Под завывания метели…

17 января 1836 года Елизавета Алексеевна Арсеньева писала из Тархан своей родственнице Прасковье Александровне Крюковой:

«Я через 26 лет в первый раз встретила Новый год в радости: Миша приехал ко мне накануне Нового году. Что я чувствовала, увидя его, я не помню и была как деревянная, но послала за священником служить благодарственный молебен. Тут начала плакать, и легче стало. <…>

Письмо одно от тебя, мой друг, получила, а сама виновата, не писала, в страшном страдании была, обещали мне Мишыньку осенью ещё отпустить и говорили, что для разделу непременно отпустят, но великий князь без ваканции не отпускал на четыре месяца. Я всё думала, что он болен и оттого не едет, и совершенно страдала. Нет ничего хуже, как пристрастная любовь, но я себя извиняю: он один свет очей моих, всё моё блаженство в нём, нрав его и свойства совершенно Михайла Васильича, дай Боже, чтоб добродетель и ум его был».

Больше полугода бабушка была разлучена с внуком, — впервые в жизни!.. — и вот они снова вместе в родовом доме. Через четверть века с лишним — после новогодней трагедии, унёсшей мужа, Елизавете Алексеевне чудится в норове и повадках внука её покойный супруг.

Лермонтов отпросился в отпуск «для разделу» имения покойного отца со своими тётками, сёстрами Юрия Петровича, но сам этим делом, конечно, не занимался по своему совершенному равнодушию к «материальному»… Да и до того ли было ему, писавшему урывками, на перекладных — и наконец-то попавшему в родной дом, где свобода, уют и покой. Днём раньше, 16 января, он отправил в Петербург Раевскому послание, один вольготный тон которого лучше слов говорит, как хорошо ему дышится и пишется в Тарханах.

Письмо — что его разговор накоротке с другом Святославом, словно бы где-нибудь за чаркой и чубуком: прихотливо меняется настроение, рассказ обо всём сразу и по-гусарски пересыпан солёными словечками.

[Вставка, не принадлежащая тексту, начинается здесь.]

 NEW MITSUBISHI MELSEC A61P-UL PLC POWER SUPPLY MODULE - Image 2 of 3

«…Я теперь живу в Тарханах <…> у бабушки, слушаю, как под окном воет метель (здесь всё время ужасные, снег в сажень глубины, лошади вязнут и <…> и соседи оставляют друг друга в покое, что, в скобках, весьма приятно), ем за десятерых, <...> не могу, потому что девки воняют, пишу четвёртый акт новой драмы, взятой из происшествия, случившегося со мною в Москве. О, Москва, Москва, столица наших предков, златоглавая столица России великой, малой, белой, чёрной, красной, всех цветов, Москва <…> преподло со мною поступила. Надо тебе объяснить сначала, что я влюблён. И что ж я этим выиграл? Одни <…>. Правда, сердце моё осталось покорно рассудку, но в другом не менее важном члене тела происходит гибельное восстание. Теперь ты ясно видишь моё несчастное положение и как друг, верно, пожалеешь, а может быть, и позавидуешь, ибо всё то хорошо, чего у нас нет, от этого, верно, и <…> нам нравится. Вот самая деревенская филозофия.

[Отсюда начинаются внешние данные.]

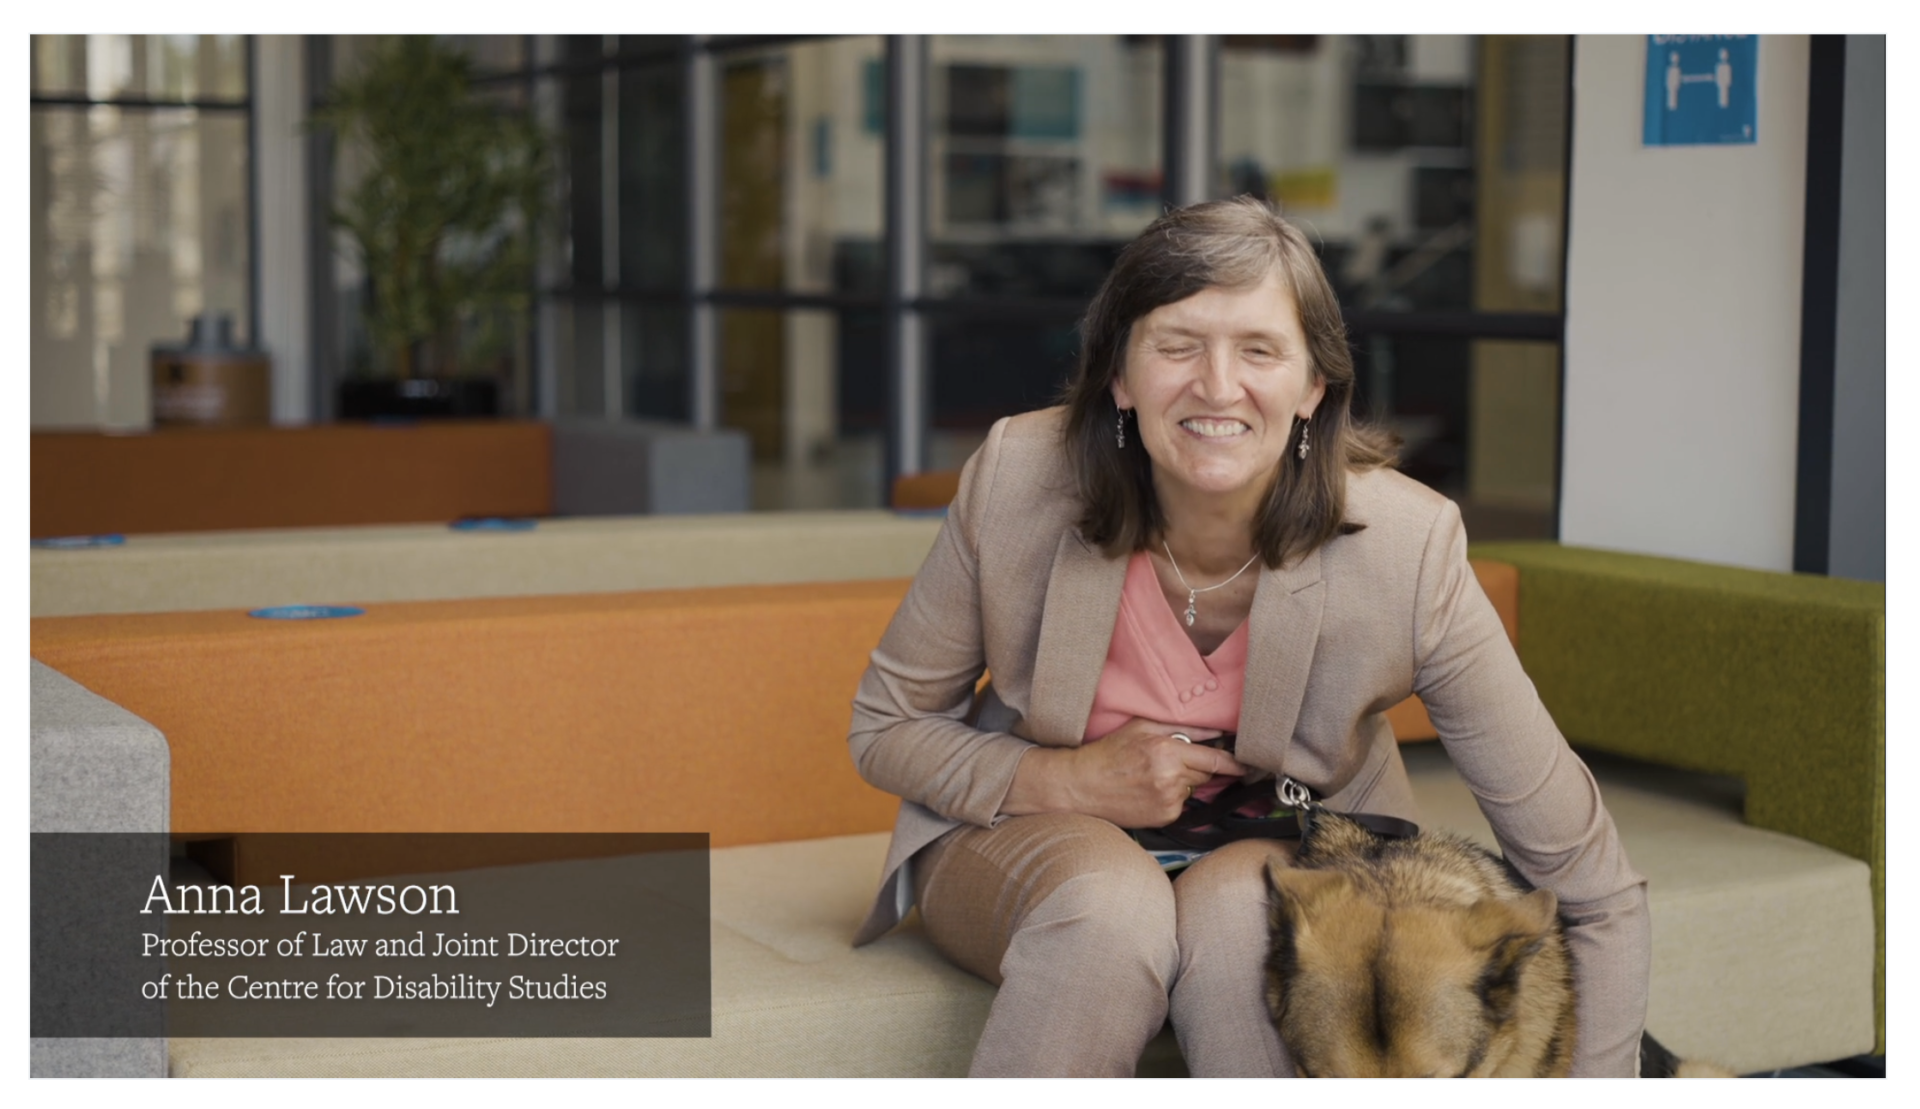 Professor Anna Lawson sitting with her guide dog

Я опасаюсь, что моего „Арбенина“ снова не пропустили, и этой мысли подало повод твоё молчание. Но об этом будет!

Также я боюсь, что лошадей моих не продали и что они тебя затрудняют <…>

Объявляю тебе ещё новость: летом бабушка переезжает жить в Петербург, то есть в июне месяце. Я её уговорил потому, что она совсем истерзалась, а денег же теперь много, но я тебе объявляю, что мы всё-таки не расстанемся.

Я тебе не описываю своего похождения в Москве в наказание за твою излишнюю скромность, — и хорошо, что вспомнил об наказании — сейчас кончу письмо (ты видишь из этого, как я ещё добр и великодушен)».

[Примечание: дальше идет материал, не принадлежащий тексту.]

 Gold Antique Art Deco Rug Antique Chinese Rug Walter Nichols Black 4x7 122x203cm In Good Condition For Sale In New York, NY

«Излишне скромный» Раевский между тем шестью годами старше Мишеля… — и не скрывает ли поэт за показной грубостью нечто такое, о чём действительно не хочет говорить, даже другу?

По дороге в Тарханы он несколько дней пробыл в Москве — и видел Вареньку Лопухину, ставшую Бахметьевой. Свидание было недолгим, при посторонних, при муже — но тем сильнее, без сомнения, его взволновало. Ведь они не встречались с тех пор, как он уехал в Петербург, в юнкерскую школу, без слов пообещав принадлежать друг другу…

С год назад он получил известие о её замужестве; прочтя об этом в письме, так побледнел и изменился в лице, что напугал брата Екимку. Тогда же в письме Александре Верещагиной не сумел сдержать обычного хладнокровия, приличного светскому посланию: «…Она [г-жа Углицкая] мне также сообщила, что m-lle Barbe выходит замуж за г. Бахметьева. Не знаю, верить ли ей, но, во всяком случае, я желаю m-lle Barbe жить в супружеском согласии до серебряной свадьбы и даже долее, если до тех пор она не разочаруется!..» Письмо писано по-французски — и лишь одно слово d’argent поэт выделил курсивом. А это слово по-французски значит не только серебро, но и — деньги. Намёк более чем прозрачен: Варенька, выбрав Бахметьева, вышла замуж за деньги. А что деньги для Лермонтова!.. Брат Аким Шан-Гирей вспоминал: «…я редко встречал человека беспечнее его относительно материальной жизни».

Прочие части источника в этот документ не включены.